Im hoping somebody might have some information for me in regards commuting from Rathangan to Dublin City Centre.

Which would be the nearest train station(Newbridge or Kildare? How long would it take to get from Rathangan to the train station in a car (say at around 8.30am) and is there much parking in either of the stations?? Would I be right in saying it would take about an hour to get from the train station into Hueston

Thinking of moving to Kildare so just trying to see where the best areas to move to would be in terms of commuting. Price range of the house I would be interested in would be max £340,000 (looking for a 3 or 4 bed semi d)

Thanks


----------



## plant43 (25 Oct 2007)

They are about to introduce paid parking in Newbridge Station (5 euro per week). Not sure how much space there would be at 8:30am. I would have thought €340,000 would get you a 3 bed semi in Newbridge?


----------



## ClubMan (25 Oct 2007)

Moved from Location, Location, Location.


----------



## asdfg (25 Oct 2007)

Approx 15 to 20 min from rathangan to either Kildare or newbridge. very difficult to get parking at 8.30 in either station. 

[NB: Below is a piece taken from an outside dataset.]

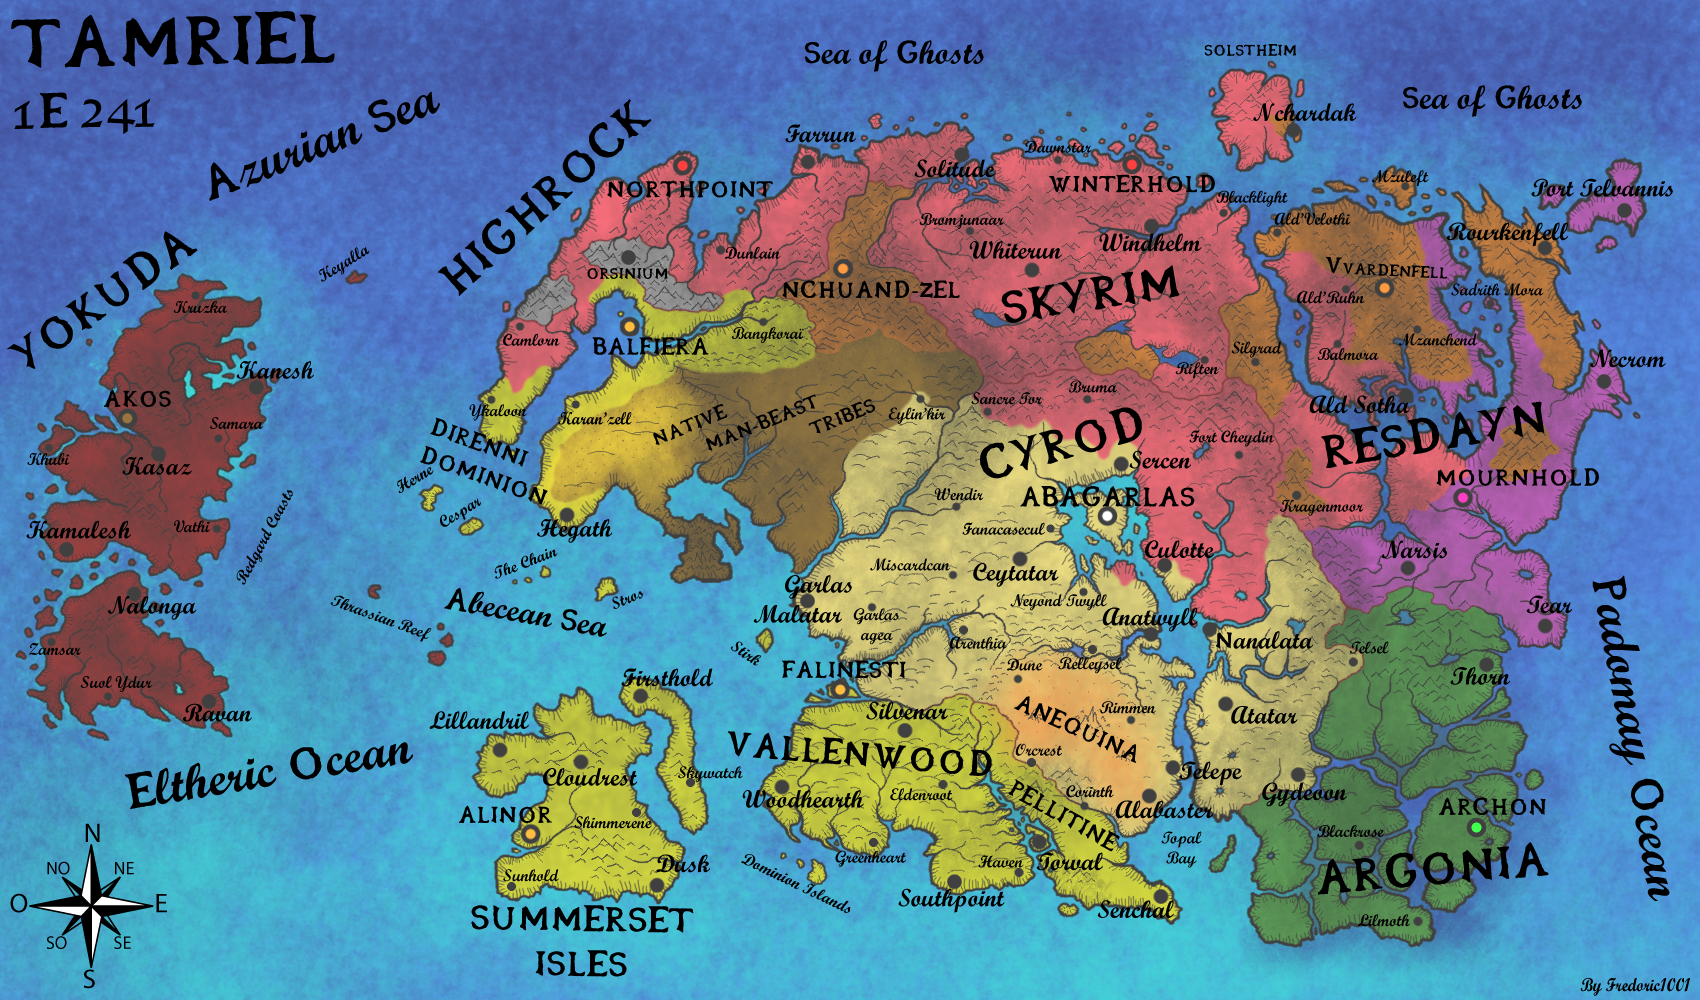 geopolitical_map_of_tamriel_in_1e241_by_

Time on train is approx 40 min. You should also allow for delays. There is a train leaving Newbridge at 8.23 and another at 8.40 arriving in Heuston at 9.05 and 9.25.


----------



## gipimann (25 Oct 2007)

If you're looking at Co Kildare as a whole rather than Rathangan or Newbridge areas, have you considered Leixlip or Maynooth - a quick search on myhome.ie returned a few 3 bed semis around the 340K mark.   Both towns are on the Maynooth/Mullingar/Longford/Sligo train, and you might find yourself within walking/cycling distance of the stations so wouldn't need parking.   Journey times to Dublin Connolly are 40 mins or so from Leixlip and 45 mins from Maynooth with several trains to choose from in the mornings & evenings.  
You're also on Dublin Bus routes in both towns which may be useful.


----------



## Brianne (25 Oct 2007)

Rathangan is ten miles from Kildare town and parking in any of the train stations either in Newbridge or Kildare is difficult. You would probably get a bigger house in Rathangan than in either of the other towns. However, in my opinion there is no comparison in the locations. Rathangan is still, despite new developments, rather out of the way, and it is possible to buy, in your price range, a house in either Kildare or Newbridge within walking distance of the station. 
Newbridge is the bigger town with new shopping centres and plenty of facilities and it is about 30 minutes by train to Dublin. A bus service called the Silver Dawn leaves Newbridge at about 7.20 , goes to the quays and lands in UCD at 9am.Kildare also has developments near the station but is a quieter location than Newbridge. Depends what you want, either way the commuting can be tiring, and will further travel after you get off the train be worth it for the country air?


----------



## gazzer (26 Oct 2007)

Thanks everyone for the advice. The reason I mentioned Rathangan was I got a few brochures from Estate Agents and the houses there looked very nice. I wil be selling my existing house in Dublin 15 to move to Kildare so was looking at new developments rather than 2nd hand homes so that I wouldnt have to pay any stamp duty.. Im going to take a drive around a few different parts of Kildare over the bank holiday weekend and see if there is anything that takes my fancy.

Thanks again.


----------



## plant43 (26 Oct 2007)

There's a couple of new estates around the train station in Newbridge that are worth looking at. I think they might have 3 bed semis from about 360k, but you're right next to the train station.


----------



## Brianne (26 Oct 2007)

You will get much better value in some of the older estates in Newbridge even with stamp duty. Bigger houses and gardens and in some cases better builds. Good idea to drive around and get the feel of the area . If you are from Dublin originally, be careful as a lot of Dubliners have settled in well but equally, many, despite the bigger house etc. ,find the transition to small towns difficult. A lot depends on one's personal circumstances. There are a lot of houses in Kildare and Newbridge for sale at the moment, you'll be spoiled for choice. Good luck


----------